**Your instructions:** From the line that holds "Happy Birthday Roderick" down to the last line of the listing below, reproduce each line exactly and nothing more, omitting pictures.

**Supplied material:**
=-=-=

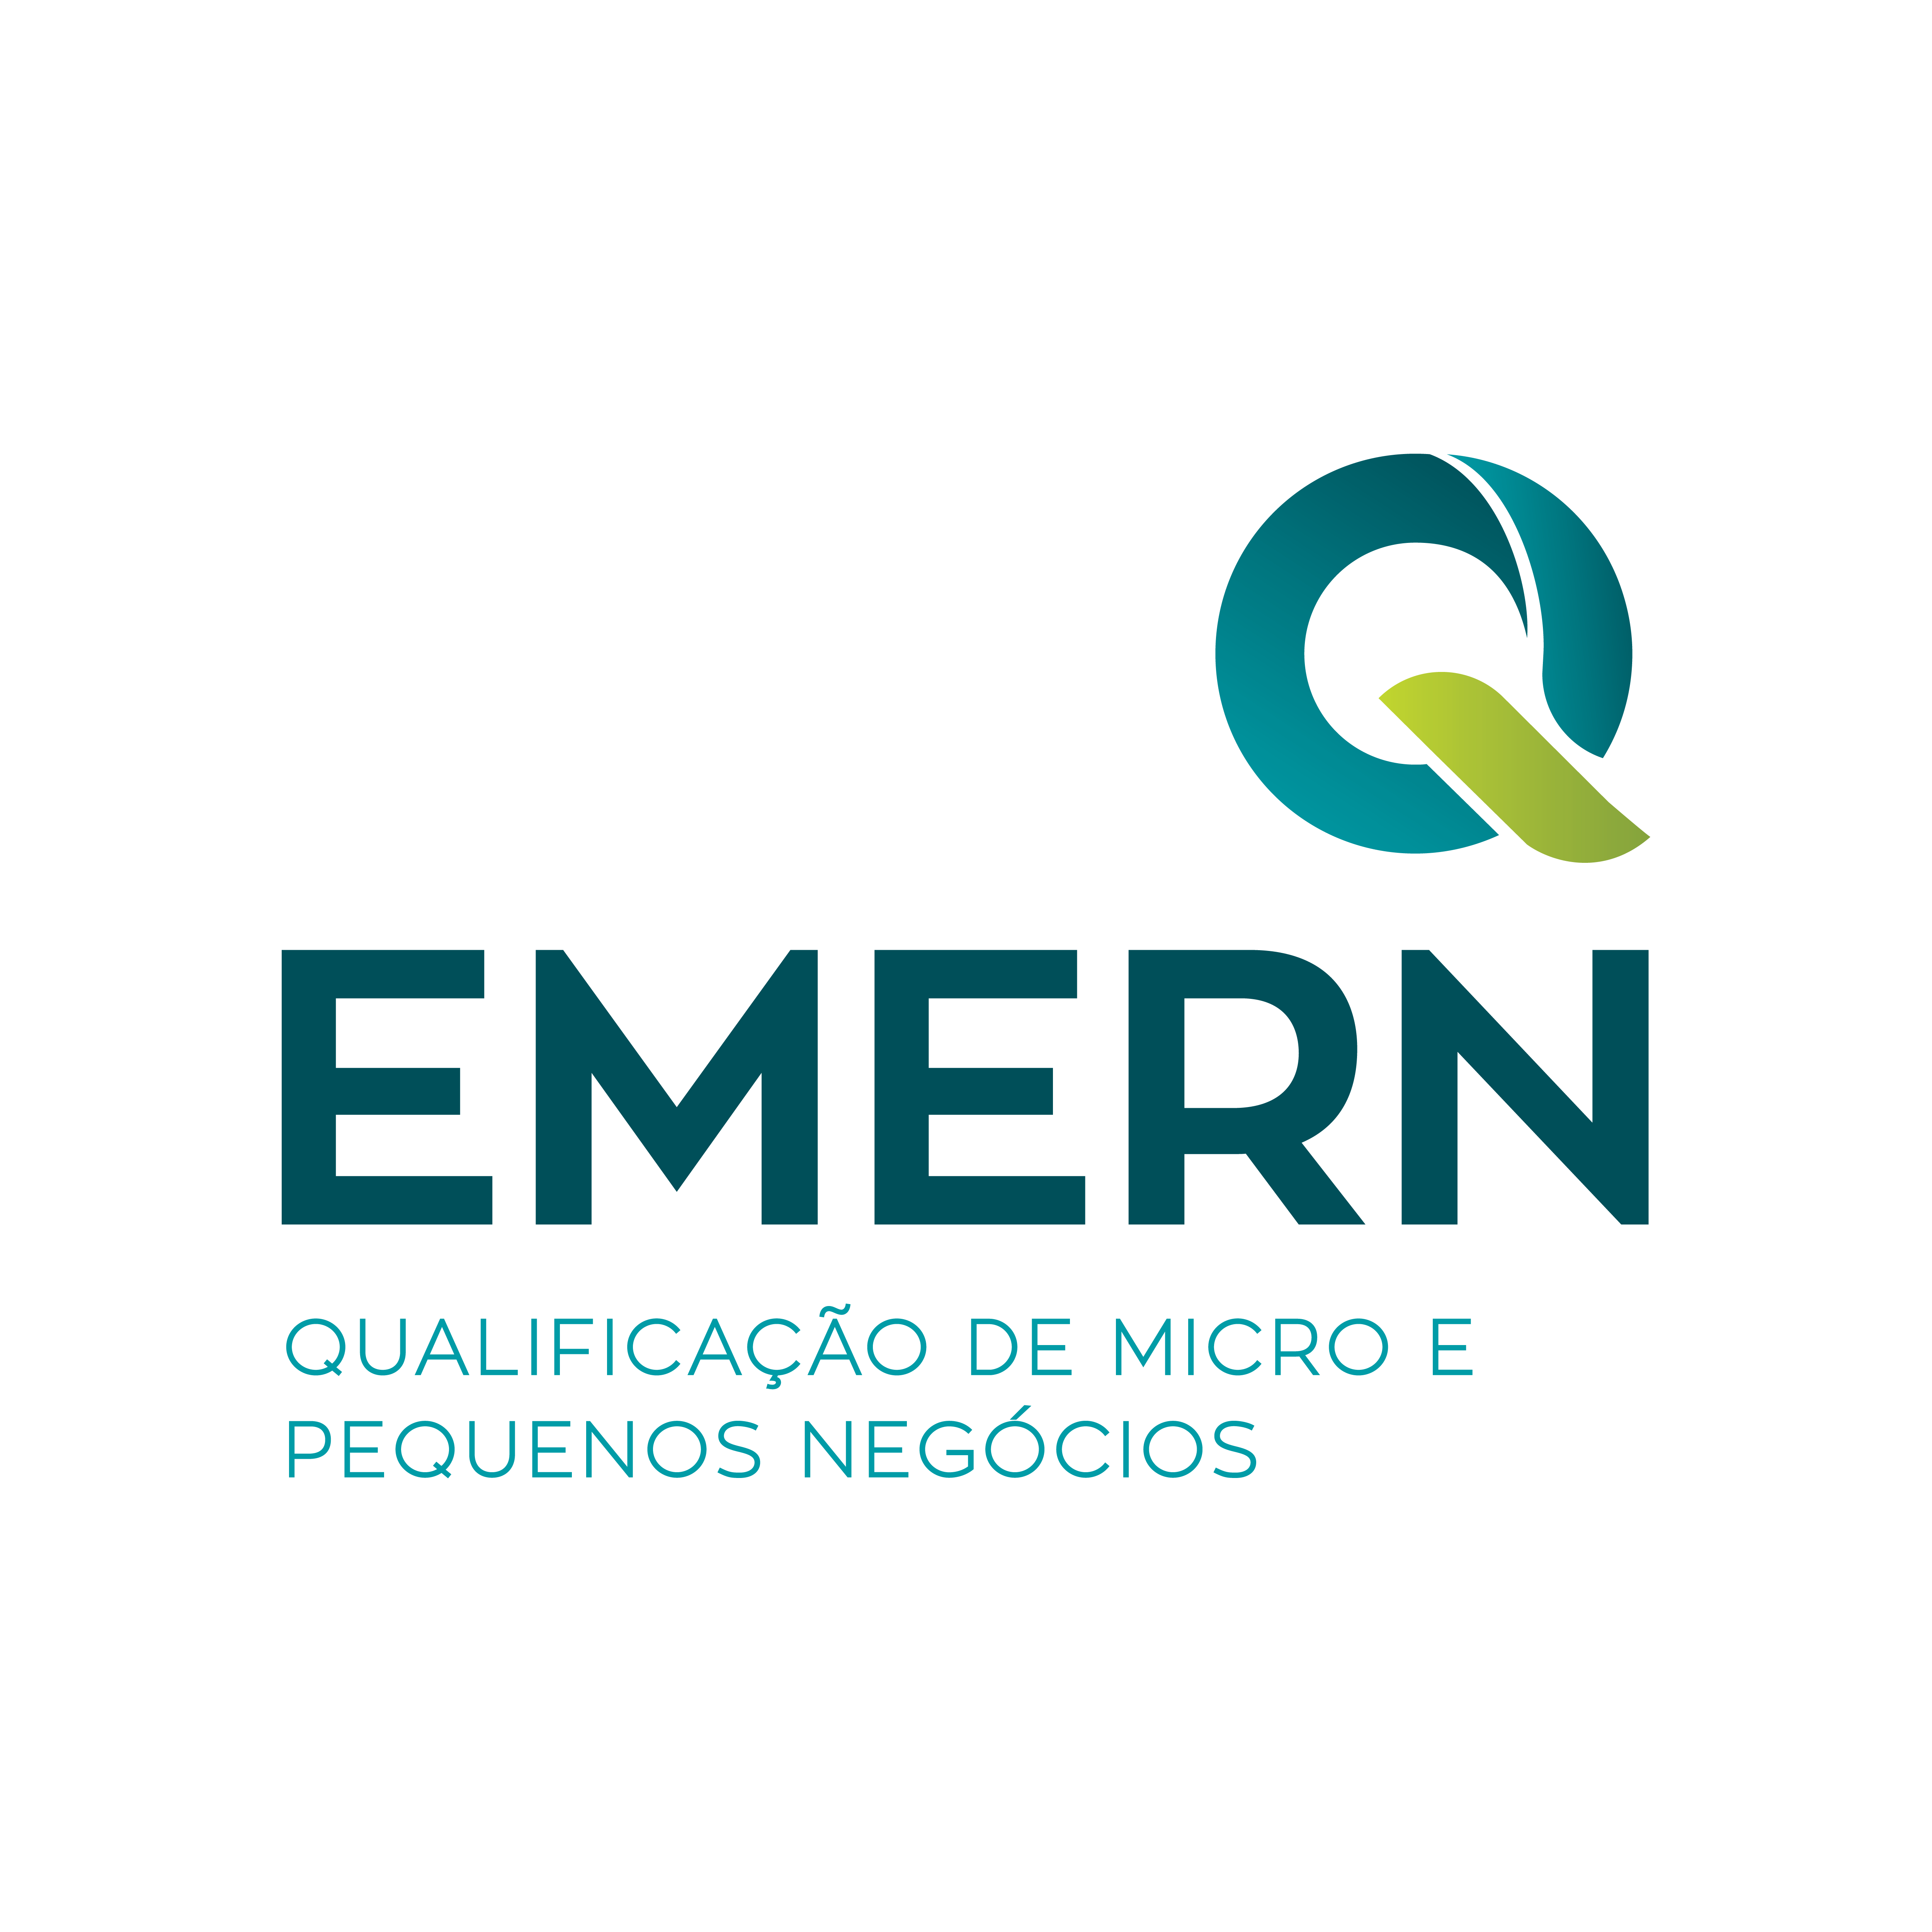 EMERN-Q
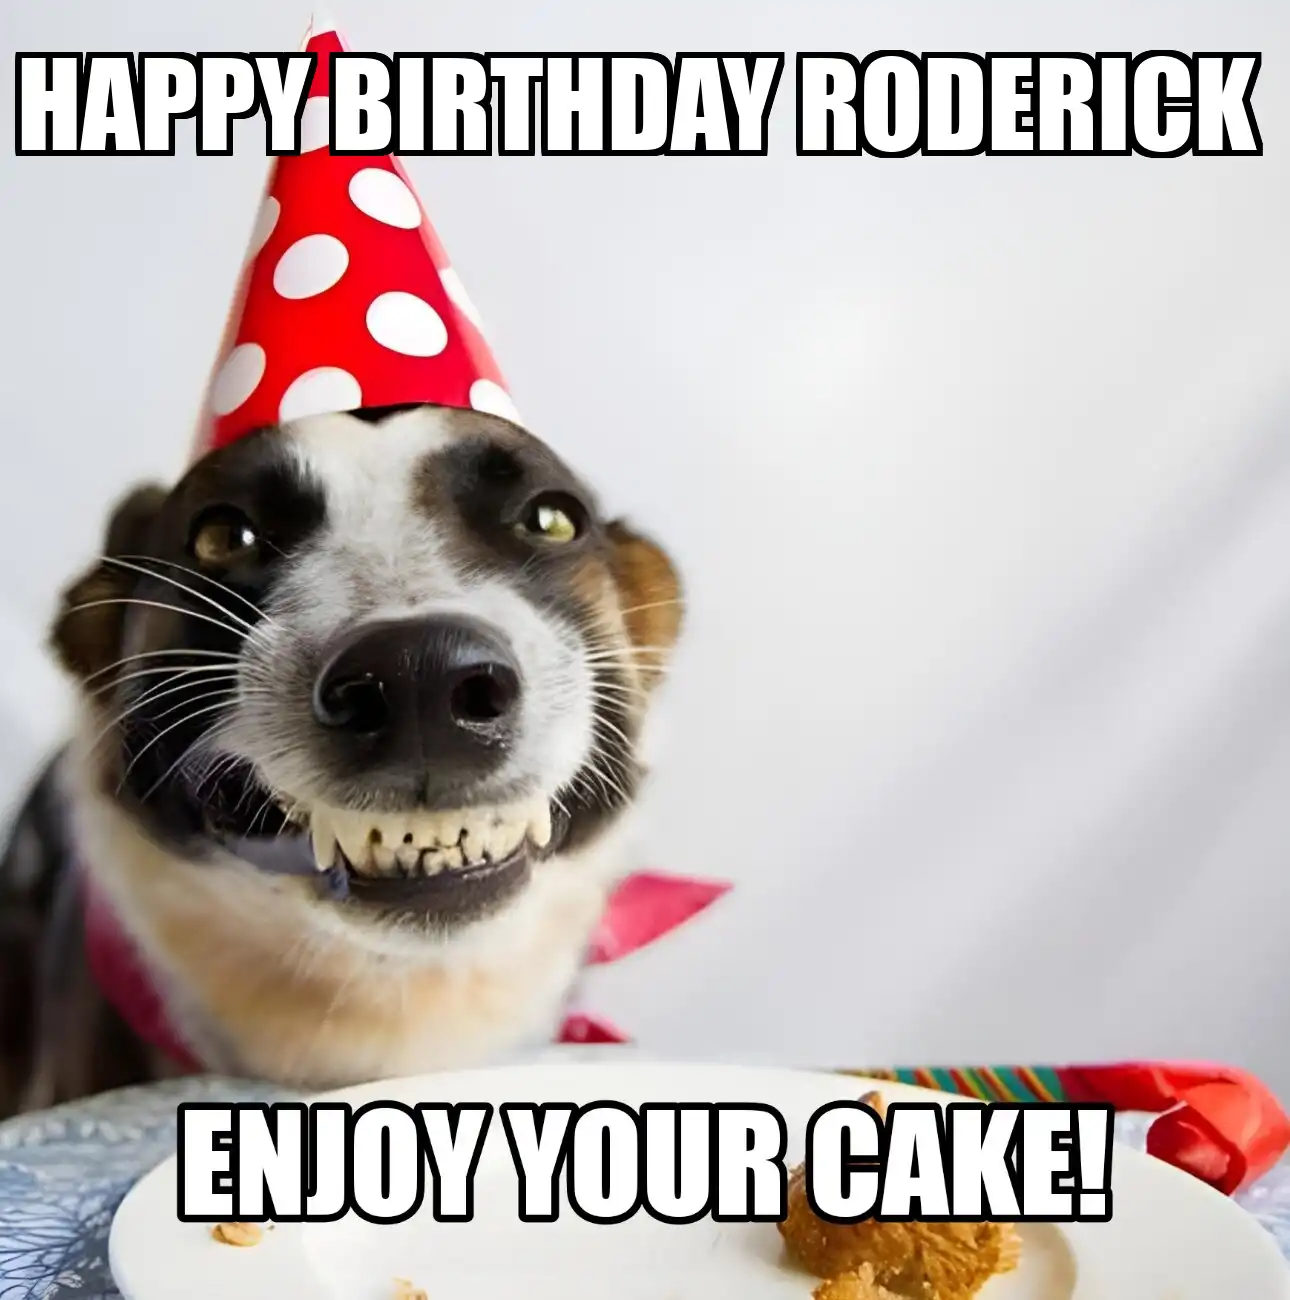 Happy Birthday Roderick Enjoy Your Cake Dog Meme
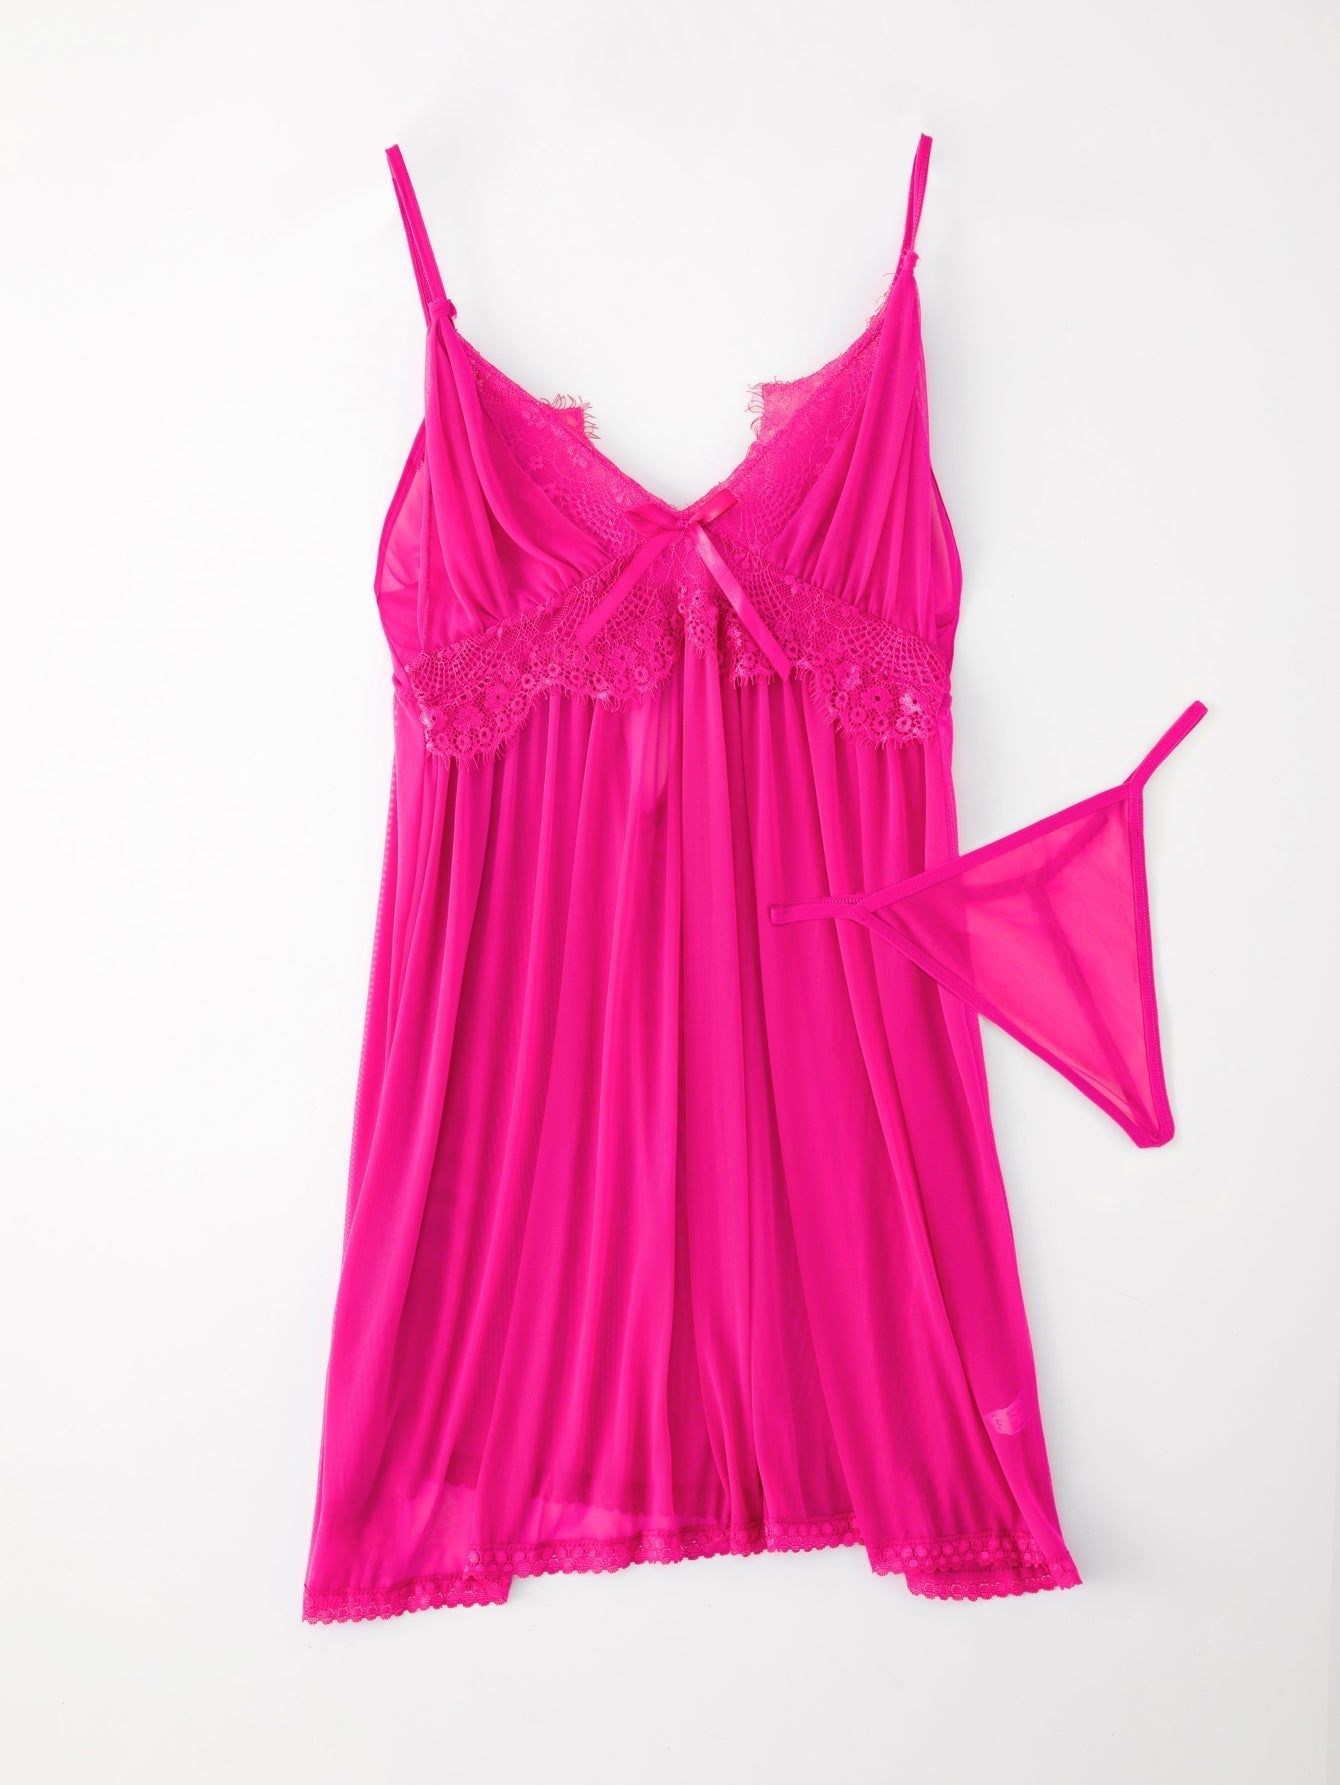 Sexy Lingerie for Women  Babydoll Lace V Neck Mesh Sleepwear Nightdress Pajamas Set with G-string Sai Feel

=-=-=

**Completed exercise:**
 Happy Birthday Roderick Enjoy Your Cake Dog Meme
 Sexy Lingerie for Women  Babydoll Lace V Neck Mesh Sleepwear Nightdress Pajamas Set with G-string Sai Feel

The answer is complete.